Single by Belinda Carlisle

from the album Runaway Horses
- B-side: "Leave a Light On" (Kamikazee mix)
- Released: May 14, 1990
- Length: 4:40
- Label: MCA; Virgin;
- Songwriters: Rick Nowels; Ellen Shipley;
- Producer: Rick Nowels

Belinda Carlisle singles chronology
| "Runaway Horses" (1990) | "Vision of You" (1990) | "Live Your Life Be Free" (1991) |

= Vision of You =

1990 single by Belinda Carlisle

"Vision of You" is a song by American singer Belinda Carlisle, released by MCA and Virgin Records as the fifth single (sixth in Japan) from her third solo album, Runaway Horses (1989). The song was released on May 14, 1990, in the United Kingdom and reached number 41. A year later, it was remixed and re-released on 12-inch vinyl with a live version of "Heaven Is a Place on Earth", but this release charted lower, at number 71. "Vision of You" is written by Rick Nowels and Ellen Shipley, and produced by Nowels.

==Critical reception==
Paul Lester from Melody Maker felt Carlisle "comes on all overblown and bombastic just when pop decided to rid itself of all fleshy excess and fussy baggage (re-house, acid, etc).

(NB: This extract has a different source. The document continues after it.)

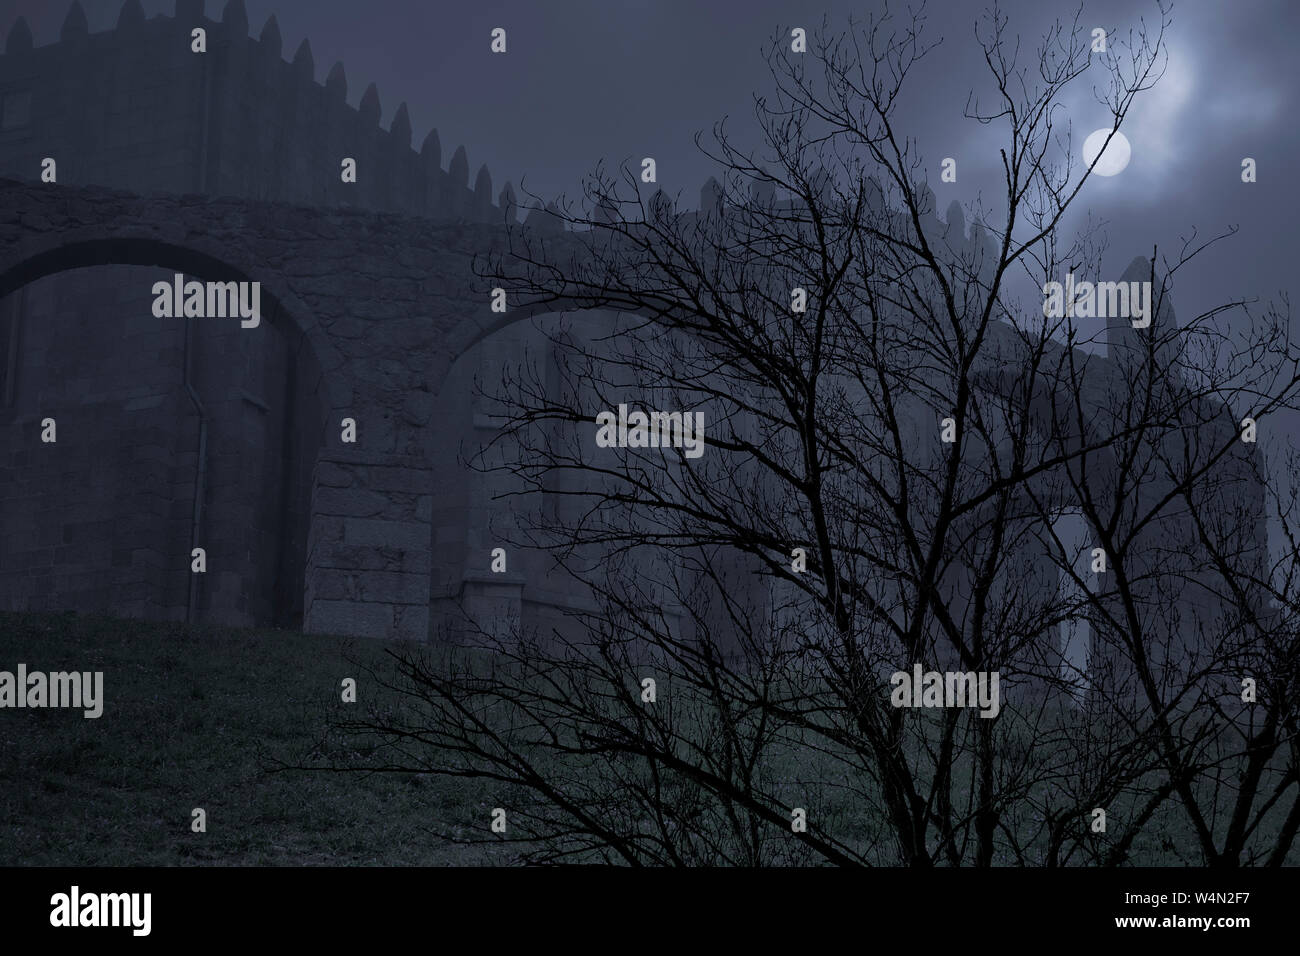 Ancien monastère médiéval dans un ciel couvert et brumeuse nuit de pleine lune Banque D'Images
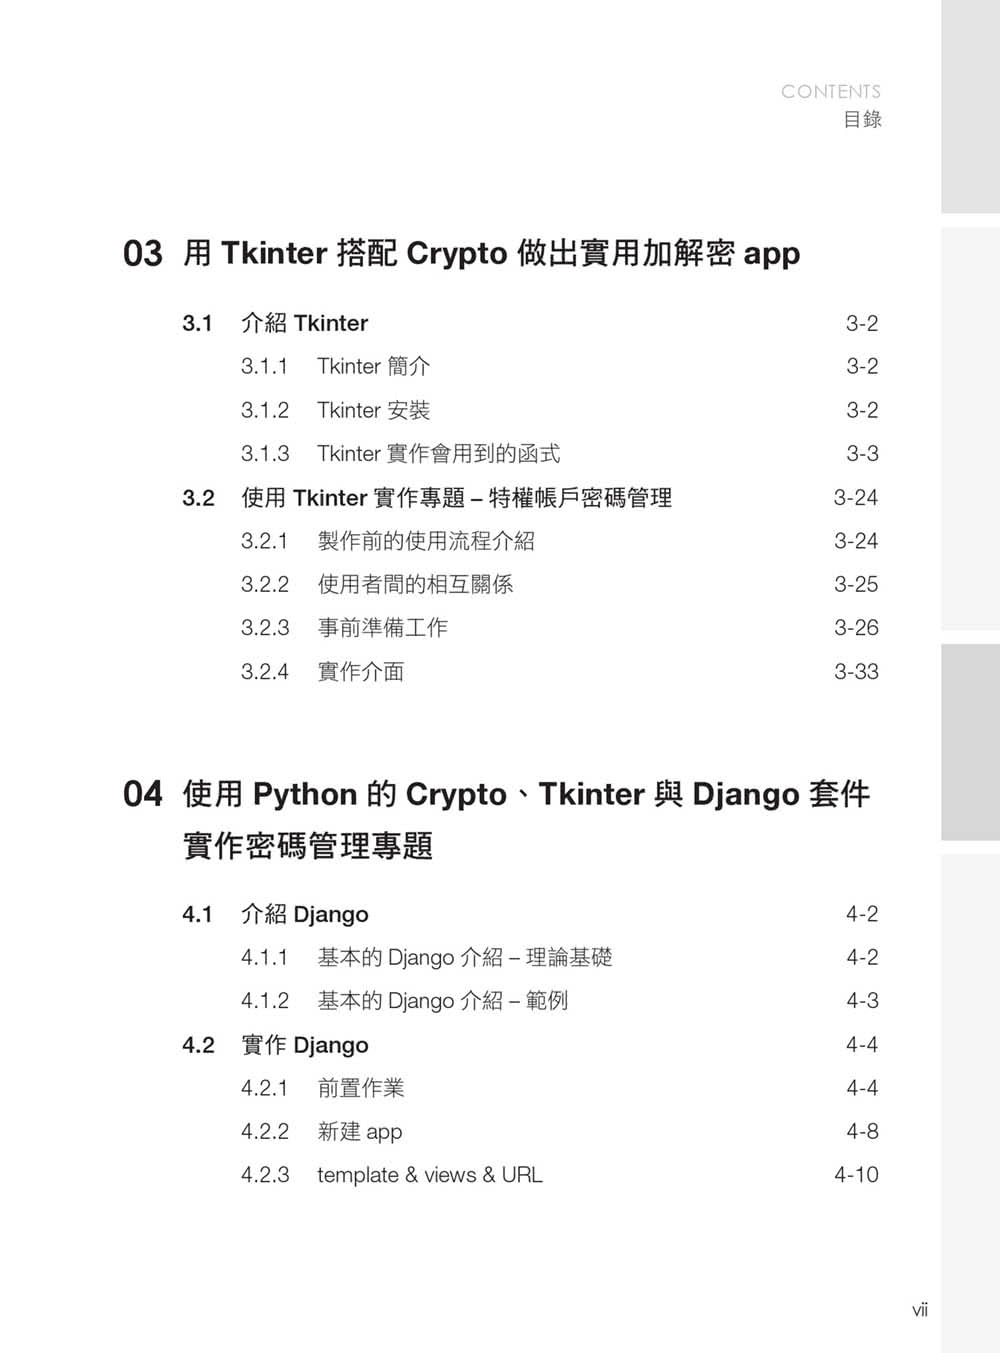 密碼管理系統理論與實作：使用 Python 的 Crypto、Tkinter 與 Django 套件

Belinda's almost Beatles-esque attention towards the elaborate flourish, and a steadfast refusal to swop meandering patterns for a simplistic crash-bang-wallop, must surely be applauded." In 1991, pan-European magazine Music & Media wrote, "Now that rumours are spreading about a reunion of the Go-Go's, this re-release of an old Carlisle solo record will kill time. The slow, catchy melody will provide a moment of peace on EHR stations." Peter Stanton from Record Mirror viewed the song as a "mellow number [that] is idly going nowhere."

==Music video==
A music video was produced to promote the single, featuring both live footage of the song's performance and tour material shot during her Asian tour.

==Track listings==
- 7-inch, cassette, and mini-CD single
1. "Vision of You" (7-inch version)
2. "Leave a Light On" (Kamikazee mix)
The US cassette single contains blank tape on the B-side.

- 12-inch and CD single
1. "Vision of You" (7-inch version)
2. "Leave a Light On" (Kamikazee mix)
3. "I Feel Free" (12-inch extended mix)

- 1991 12-inch single
A. "Vision of You" (Remix '91)
B. "Heaven Is a Place on Earth" (live)

==Charts==

| Chart (1990) | Peak position |
|---|---|
| Australia (ARIA) | 84 |
| Canada Top Singles (RPM) | 74 |
| Europe (Eurochart Hot 100) | 95 |
| UK Singles (Official Charts) | 41 |

| Chart (1991) | Peak position |
|---|---|
| Luxembourg (Radio Luxembourg) | 19 |
| UK Singles (Official Charts) "Vision of You '91" | 71 |
| UK Airplay (Music Week) | 43 |

==Release history==

| Region | Date | Format(s) | Label(s) | Ref. |
| United Kingdom | May 14, 1990 | 7-inch vinyl; 12-inch vinyl; CD; cassette; | Virgin |  |
| Japan | June 21, 1990 | Mini-CD |  |
| Australia | July 23, 1990 | 7-inch vinyl; 12-inch vinyl; cassette; |  |

==Jennifer Rush version==

"Vision of You" was covered by American singer Jennifer Rush for her 1992 self-titled album. It was released as the second single from the album and charted in Germany. A Spanish-language re-recording titled "Vision De Ti" was included on Spanish pressings of the album and was released as a promotional single.

===Track list===
- 7-inch single / CD single
1. "Vision of You" (Radio version) – 3:49
2. "Waiting for the Heartache" – 4:26

===Charts===

| Chart (1993) | Peak position |
|---|---|
| Germany (GfK) | 56 |

==Other cover versions==
- In 1993, a cover was recorded and released by Tony Award-winning musical actress Lea Salonga. The song appeared on her self-titled album the same year.